[math] optimization refactoring

[Luc Maisonobe <Lu...@free.fr>]

Hello,

Since release of 1.2, several people have asked for advices on using the
estimation and optimization packages imported from mantissa. This showed
these packages were poorly designed (you can blame me for that). After
one of the discussions on this topic, issue MATH-177
(https://issues.apache.org/jira/browse/MATH-177) was set up to ask for a
refactoring. I also opened MATH-196
(https://issues.apache.org/jira/browse/MATH-196) for constrained
optimization, Gilles contributed Brent minimization (which was appended
to MATH-177 and committed recently in the analysis.minimization
package), and Benjamin contributed an implementation of Dantzig's
simplex method in MATH-246
((https://issues.apache.org/jira/browse/MATH-246).

As we are refactoring many packages for 2.0, I propose to refactor these
two packages too.

The existing code is :
  - package o.a.c.math.analysis.minimization:
      Brent minimization algorithm for univariate scalar valued functions
  - package o.a.c.math.estimation:
      Levenberg-Marquardt method for weighted least square minimization
of a vector of residuals
      Gauss-Newton method for weighted least square minimization of a
vector of residuals
  - package o.a.c.math.optimization:
      Nelder-Mead simplex method for multivariate function minimization
without derivatives
      Virginia Torczon's multidirectional method for multivariate
function minimization without derivatives
  - attached to JIRA issue MATH-246
      Dantzig's simplex method for linear systems with linear equality
and inequality constraints

Some generalization attempts have been made separately in estimation and
optimization with a few interfaces  (EstimationProblem, Estimator on one
side CostFunction and ConvergenceChecker on the other side). These
interfaces seems difficult to understand to users. They were in fact
designed with a specific problem in mind (orbit determination for
spacecrafts to be precise) and are not generic enough.

Here is what I propose to do :

1) let Brent minimization in the analysis.minimization package where it
is now

2) gather everything else in a package hierarchy:
    o.a.c.math.optimization with better interfaces (CostFunction may be
kept, the other should be replaced)
    o.a.c.math.optimization.linear for Dantzig's simplex method
    o.a.c.math.optimization.direct for direct search methods
(Nelder-Mead and Torczon)
    o.a.c.math.optimization.general for everything else

3) some provisions should be made for constrained optimization in the
general case, but implementation could probably be delayed until 2.1
(the target revision for MATH-196 is already 2.1)

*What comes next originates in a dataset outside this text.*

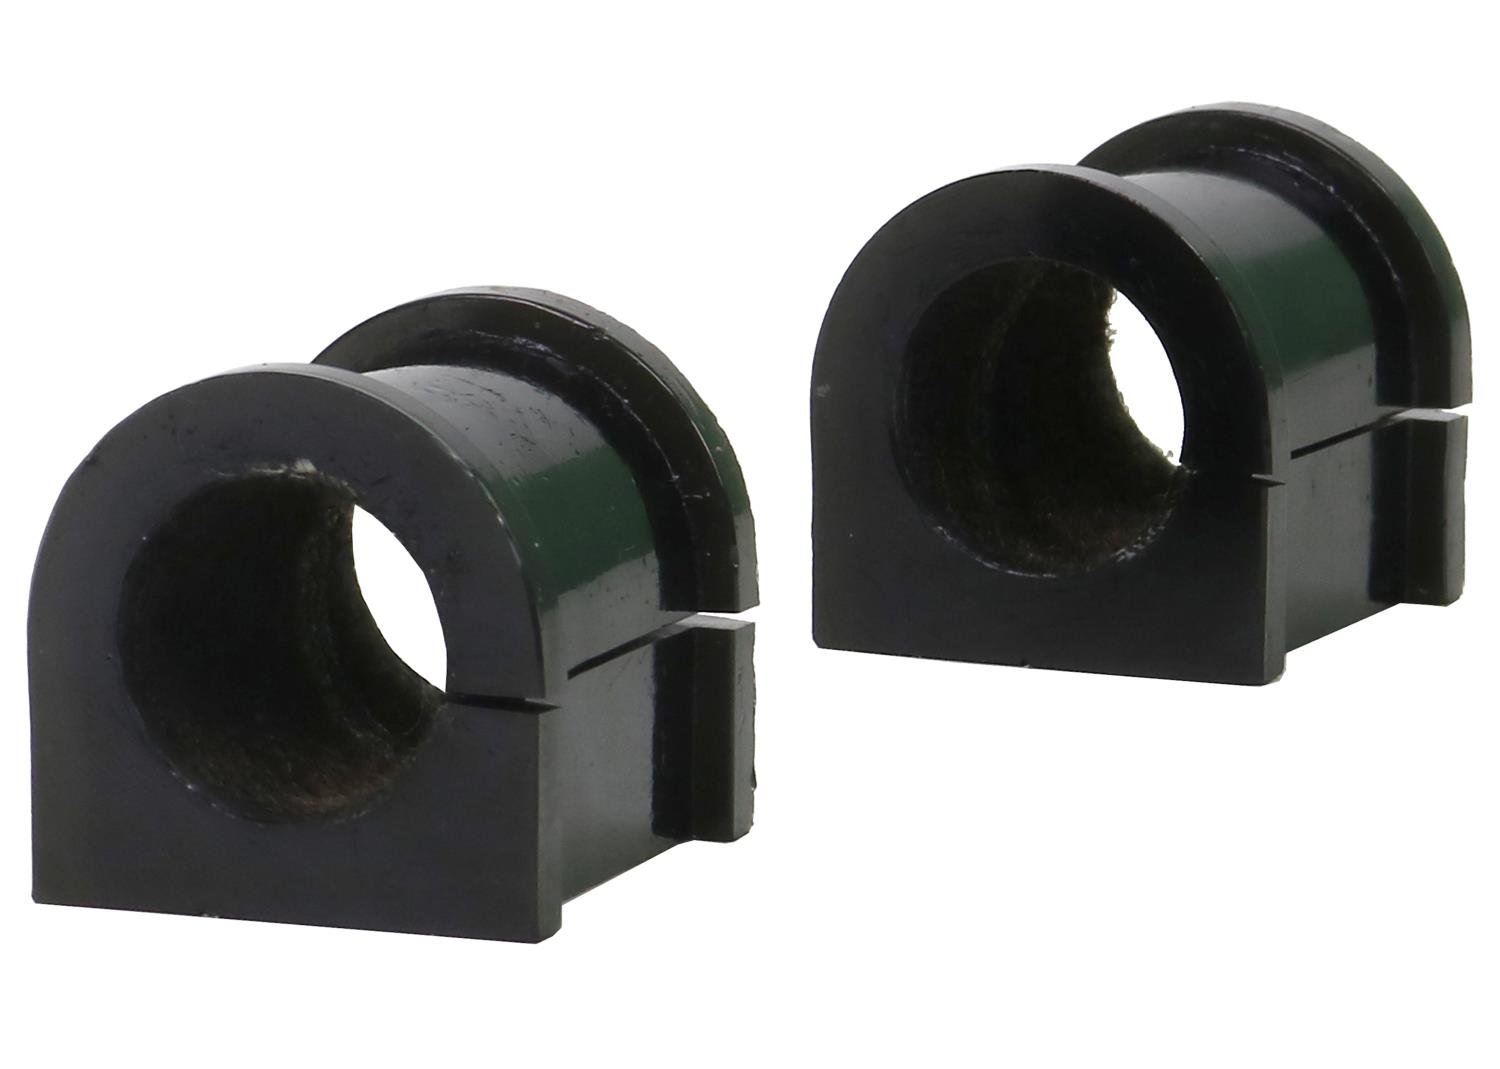 W21212G Sway Bar Mount Grease Free Bushing Fits Select Chevrolet, Chrysler, Ford, Mazda, Toyota Models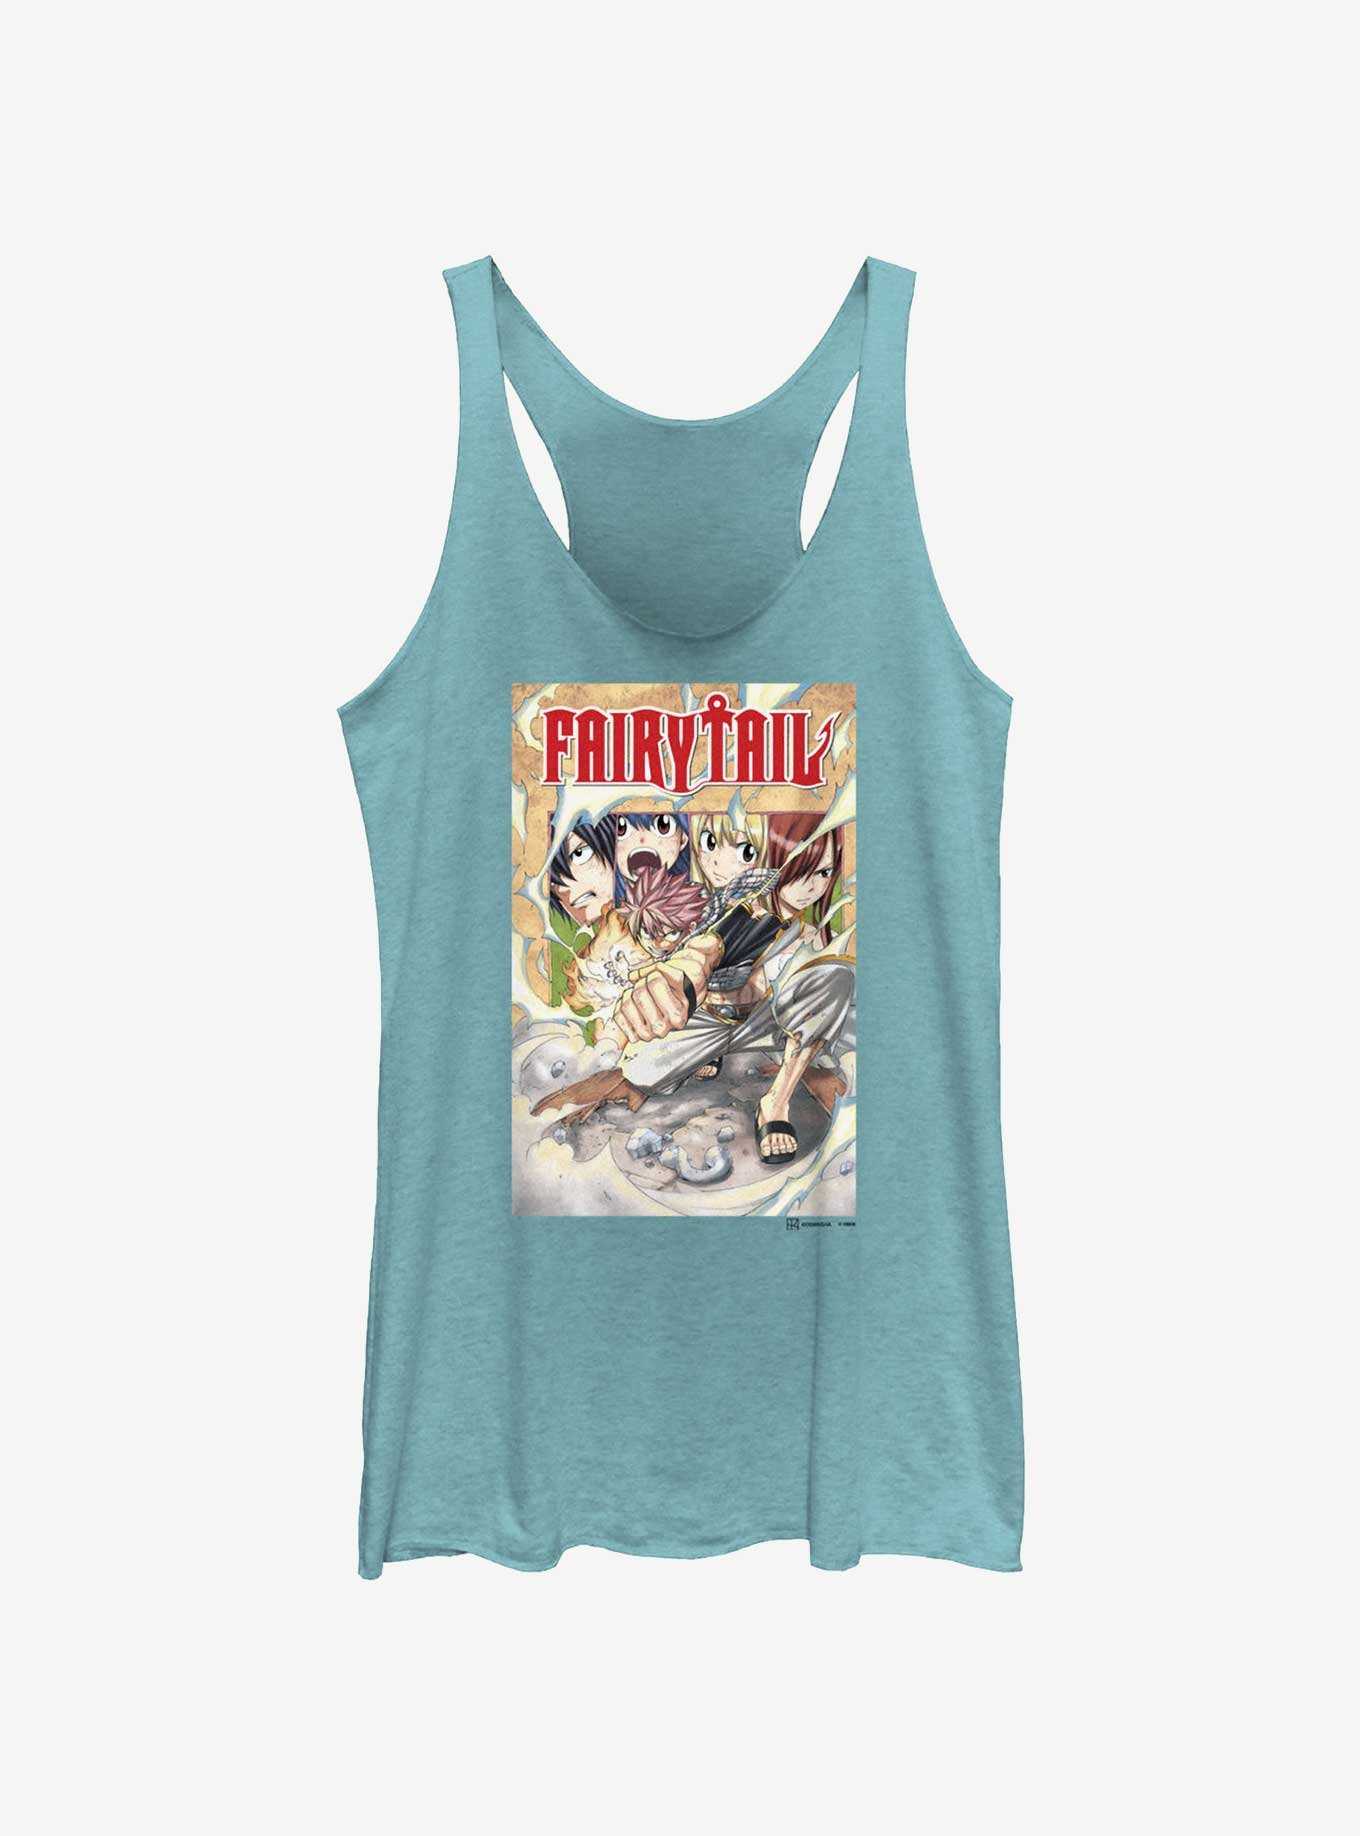 Fairy Tail Cover 3 Girls Tank, , hi-res

4) The fancy EstimatedParameter and WeightedMeasurements classes should
be dropped (i.e. deprecated) they do not belong to commons-math layer.
This is a major change. I think it is better for users to have an easy
to understand low level package rather than a big unusable bunch of
code. If this option is not chosen, it should be at least possible to
use the package at a lower level and provide these classes only as a
convenience for those whose needs fit well with this ad-hoc design.

5) the possibility to switch a parameter status between "should be
estimated" and "should not be touched at all" should be removed (I think
nobody ever realized it was possible)

6) the interfaces should define an optimization problem in terms of
simple structures (both double[] and RealVector) instead of the dropped
parameters and measurements objects.

7) the linear cost function and linear constraints should be specialized
interfaces extending more general cost and constraints interfaces from
the optimization package. This is mainly for consistency as I don't
expect many people will want to use a general solver for linear problems.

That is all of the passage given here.